Copy out exactly the lines from the start of the data to the line containing "Oak Street WDL36R-CC table top, wood". Include both.

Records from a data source
+++++
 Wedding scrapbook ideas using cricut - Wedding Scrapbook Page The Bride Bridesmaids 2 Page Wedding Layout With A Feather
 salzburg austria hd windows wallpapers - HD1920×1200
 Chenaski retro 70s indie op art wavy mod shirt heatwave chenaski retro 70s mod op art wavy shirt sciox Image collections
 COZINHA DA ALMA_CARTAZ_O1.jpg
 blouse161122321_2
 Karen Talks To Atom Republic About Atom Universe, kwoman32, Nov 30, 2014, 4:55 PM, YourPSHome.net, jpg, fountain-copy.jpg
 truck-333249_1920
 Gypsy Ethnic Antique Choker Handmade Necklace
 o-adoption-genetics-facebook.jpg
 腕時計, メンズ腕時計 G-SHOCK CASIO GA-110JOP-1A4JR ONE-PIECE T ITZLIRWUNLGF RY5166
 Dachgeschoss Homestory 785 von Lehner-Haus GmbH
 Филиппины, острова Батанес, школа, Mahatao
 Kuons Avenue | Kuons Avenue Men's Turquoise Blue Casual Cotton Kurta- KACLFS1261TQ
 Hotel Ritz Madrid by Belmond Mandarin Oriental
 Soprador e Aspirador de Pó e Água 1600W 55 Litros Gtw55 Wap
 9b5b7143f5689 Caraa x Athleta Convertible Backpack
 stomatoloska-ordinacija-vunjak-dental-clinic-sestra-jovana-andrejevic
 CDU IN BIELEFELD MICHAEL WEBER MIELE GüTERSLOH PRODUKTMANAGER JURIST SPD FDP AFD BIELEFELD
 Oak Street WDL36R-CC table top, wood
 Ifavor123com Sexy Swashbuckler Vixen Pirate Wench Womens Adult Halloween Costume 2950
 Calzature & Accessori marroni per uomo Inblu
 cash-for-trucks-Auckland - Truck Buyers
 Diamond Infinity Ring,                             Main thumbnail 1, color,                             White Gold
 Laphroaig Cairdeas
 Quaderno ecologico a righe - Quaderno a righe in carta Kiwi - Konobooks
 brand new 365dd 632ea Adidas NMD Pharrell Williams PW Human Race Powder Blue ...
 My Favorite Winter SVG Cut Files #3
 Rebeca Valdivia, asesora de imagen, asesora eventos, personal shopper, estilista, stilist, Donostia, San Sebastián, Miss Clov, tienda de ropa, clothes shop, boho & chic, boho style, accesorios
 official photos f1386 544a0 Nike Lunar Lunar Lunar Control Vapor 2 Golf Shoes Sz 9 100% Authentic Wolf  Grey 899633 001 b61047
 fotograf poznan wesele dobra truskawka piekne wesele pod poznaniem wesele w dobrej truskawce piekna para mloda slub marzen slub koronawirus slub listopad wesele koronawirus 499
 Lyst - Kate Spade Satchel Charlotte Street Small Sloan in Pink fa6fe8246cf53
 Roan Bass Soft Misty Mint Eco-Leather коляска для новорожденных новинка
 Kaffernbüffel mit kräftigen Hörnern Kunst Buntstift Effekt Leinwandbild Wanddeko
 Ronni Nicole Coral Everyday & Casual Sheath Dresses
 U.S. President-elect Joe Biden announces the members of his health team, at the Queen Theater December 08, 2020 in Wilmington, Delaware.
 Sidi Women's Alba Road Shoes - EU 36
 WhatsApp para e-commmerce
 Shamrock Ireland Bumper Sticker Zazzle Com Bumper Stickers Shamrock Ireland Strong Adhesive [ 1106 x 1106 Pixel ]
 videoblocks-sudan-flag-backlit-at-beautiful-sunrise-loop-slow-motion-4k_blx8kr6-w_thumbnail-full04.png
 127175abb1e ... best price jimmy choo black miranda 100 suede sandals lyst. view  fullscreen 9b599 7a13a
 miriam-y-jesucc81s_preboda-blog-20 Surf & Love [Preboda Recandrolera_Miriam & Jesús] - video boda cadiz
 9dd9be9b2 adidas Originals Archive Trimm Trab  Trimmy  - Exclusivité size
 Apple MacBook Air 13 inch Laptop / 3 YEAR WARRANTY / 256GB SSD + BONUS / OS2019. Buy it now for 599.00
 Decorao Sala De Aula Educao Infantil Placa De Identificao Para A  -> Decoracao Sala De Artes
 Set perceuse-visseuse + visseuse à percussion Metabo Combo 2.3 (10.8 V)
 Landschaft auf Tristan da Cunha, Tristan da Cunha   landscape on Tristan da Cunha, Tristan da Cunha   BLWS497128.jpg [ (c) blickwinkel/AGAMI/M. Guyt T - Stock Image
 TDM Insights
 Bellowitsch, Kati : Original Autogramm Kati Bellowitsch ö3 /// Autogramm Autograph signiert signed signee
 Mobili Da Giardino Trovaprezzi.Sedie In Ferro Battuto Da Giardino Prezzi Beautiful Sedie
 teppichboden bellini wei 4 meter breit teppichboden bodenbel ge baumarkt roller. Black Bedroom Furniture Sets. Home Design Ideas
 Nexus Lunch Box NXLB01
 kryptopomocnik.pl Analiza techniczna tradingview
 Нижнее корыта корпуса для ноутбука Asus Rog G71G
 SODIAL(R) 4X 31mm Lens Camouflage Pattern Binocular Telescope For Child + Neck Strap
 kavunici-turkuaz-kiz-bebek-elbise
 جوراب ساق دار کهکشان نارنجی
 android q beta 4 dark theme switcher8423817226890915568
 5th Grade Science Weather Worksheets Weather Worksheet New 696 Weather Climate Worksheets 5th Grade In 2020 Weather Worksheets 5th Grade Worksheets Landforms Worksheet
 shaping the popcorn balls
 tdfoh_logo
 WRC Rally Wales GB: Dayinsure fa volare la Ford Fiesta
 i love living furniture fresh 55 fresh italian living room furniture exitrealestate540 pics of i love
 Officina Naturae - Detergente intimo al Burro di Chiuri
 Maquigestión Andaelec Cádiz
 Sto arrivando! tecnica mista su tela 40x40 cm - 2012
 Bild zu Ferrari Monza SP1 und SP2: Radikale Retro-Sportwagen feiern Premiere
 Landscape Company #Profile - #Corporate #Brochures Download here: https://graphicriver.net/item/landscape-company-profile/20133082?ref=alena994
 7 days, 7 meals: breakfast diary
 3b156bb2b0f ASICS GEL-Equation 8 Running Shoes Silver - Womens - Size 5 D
+++++
Exercise result
 Wedding scrapbook ideas using cricut - Wedding Scrapbook Page The Bride Bridesmaids 2 Page Wedding Layout With A Feather
 salzburg austria hd windows wallpapers - HD1920×1200
 Chenaski retro 70s indie op art wavy mod shirt heatwave chenaski retro 70s mod op art wavy shirt sciox Image collections
 COZINHA DA ALMA_CARTAZ_O1.jpg
 blouse161122321_2
 Karen Talks To Atom Republic About Atom Universe, kwoman32, Nov 30, 2014, 4:55 PM, YourPSHome.net, jpg, fountain-copy.jpg
 truck-333249_1920
 Gypsy Ethnic Antique Choker Handmade Necklace
 o-adoption-genetics-facebook.jpg
 腕時計, メンズ腕時計 G-SHOCK CASIO GA-110JOP-1A4JR ONE-PIECE T ITZLIRWUNLGF RY5166
 Dachgeschoss Homestory 785 von Lehner-Haus GmbH
 Филиппины, острова Батанес, школа, Mahatao
 Kuons Avenue | Kuons Avenue Men's Turquoise Blue Casual Cotton Kurta- KACLFS1261TQ
 Hotel Ritz Madrid by Belmond Mandarin Oriental
 Soprador e Aspirador de Pó e Água 1600W 55 Litros Gtw55 Wap
 9b5b7143f5689 Caraa x Athleta Convertible Backpack
 stomatoloska-ordinacija-vunjak-dental-clinic-sestra-jovana-andrejevic
 CDU IN BIELEFELD MICHAEL WEBER MIELE GüTERSLOH PRODUKTMANAGER JURIST SPD FDP AFD BIELEFELD
 Oak Street WDL36R-CC table top, wood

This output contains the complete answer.